Add the following recipes to the deploy list:
- gw_webservices::crontabs
- sidekiq::deploy
- gw_webservices::notify_third_parties
- gw_webservices::adjust_elasticsearch_indices
Note that in addition to installing sidekiq, these recipes install our cronjobs which import documents into our indices. They also do post deploy stuff, like inform Airbrake and New Relic that a deployment happened and adjust our indices based on new code that went out (create new indices, import data into empty indices, etc.).
[ Single instance staging Stack: add redis-server as an OS Package.]
Add an instance, but rather than create a new one, choose one of the existing Rails instances.
Add the following to the Stack Custom JSON (as per instructions in the opsworks-sidekiq cookbook documentation:

{
  "deploy": {
    "webservices": {
      "sidekiq": {
        "start_command": "bundle exec sidekiq -e YOUR-ENV-NAME-HERE 2>&1 >> log/sidekiq.log"
      }
    }
  }
}

You'll have to redeploy to the instance in order to get the additional Sidekiq stuff on there.

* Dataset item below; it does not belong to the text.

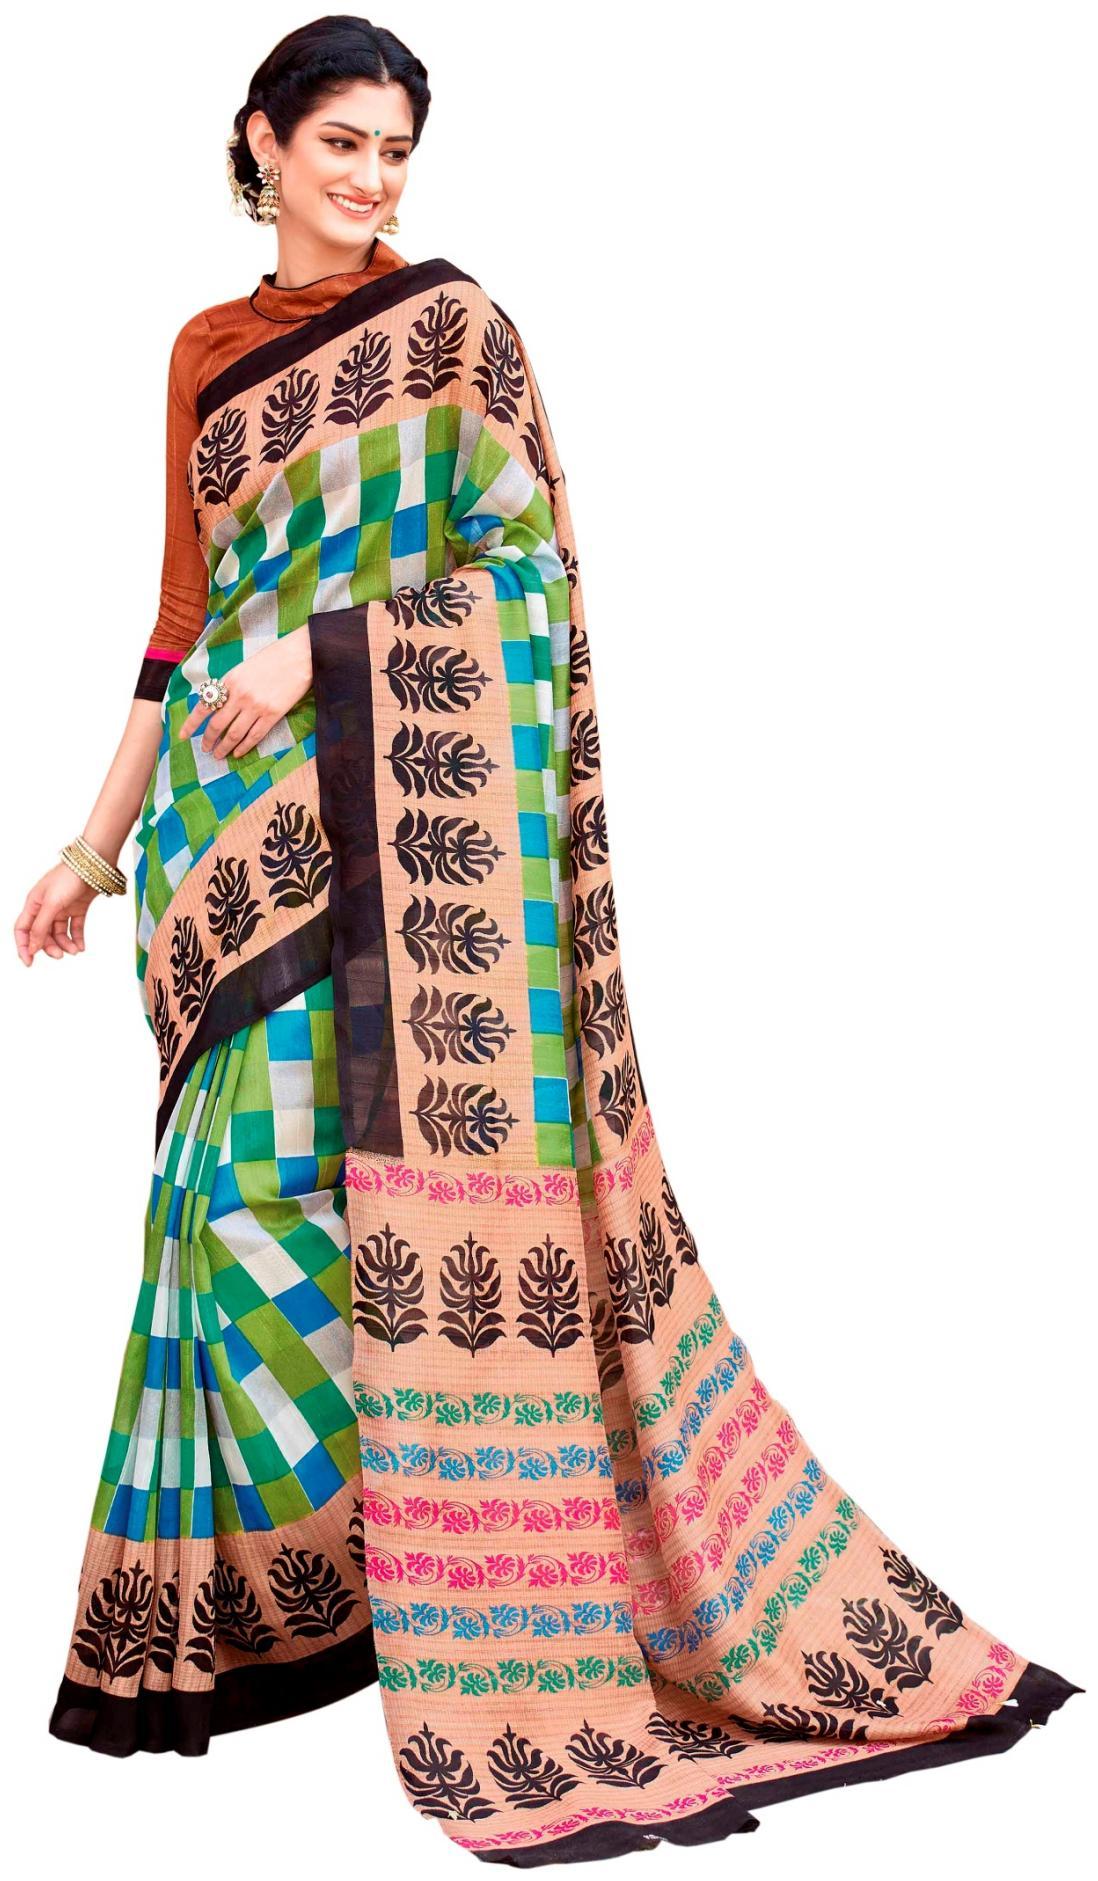 da1f573a9c4b2 Buy Varibha Universal Silk Casual Saree Yes at 86% off.

Rails Layer Revisited: ELB

Set up an ELB in front of the Rails instances in much the same way as the Elasticsearch ELB was set up. Notable differences:

Port configuration:
- 80 (HTTP) forwarding to 80 (HTTP)
- 443 (HTTPS) forwarding to 80 (HTTP)
Add a necessary SSL cert to the ELB in accordance with the domain you wish to use.
Use the Webservices-ELB-Rails SG.
Add all Rails instances. If you want to dedicate the Sidekiq instance to only running imports, exclude it from the ELB.
For the health check, HTTP:80/ is usable.
If necessary, add a CNAME to your domain's DNS which points to the ELB.

Gotchas / Concerns

ES service doesn’t start when instance is stopped then started. Why? this. Solution? Switch to the new cookbook.
If all ES instances are stopped, when brought back online all indices have been deleted. Why? [I think] due to the way that the ES recipe sets up the machine on start. It does a fresh install, including wiping out the ES data dir. Solution: don’t ever stop all instances in the cluster. Make sure user data is backed up regularly.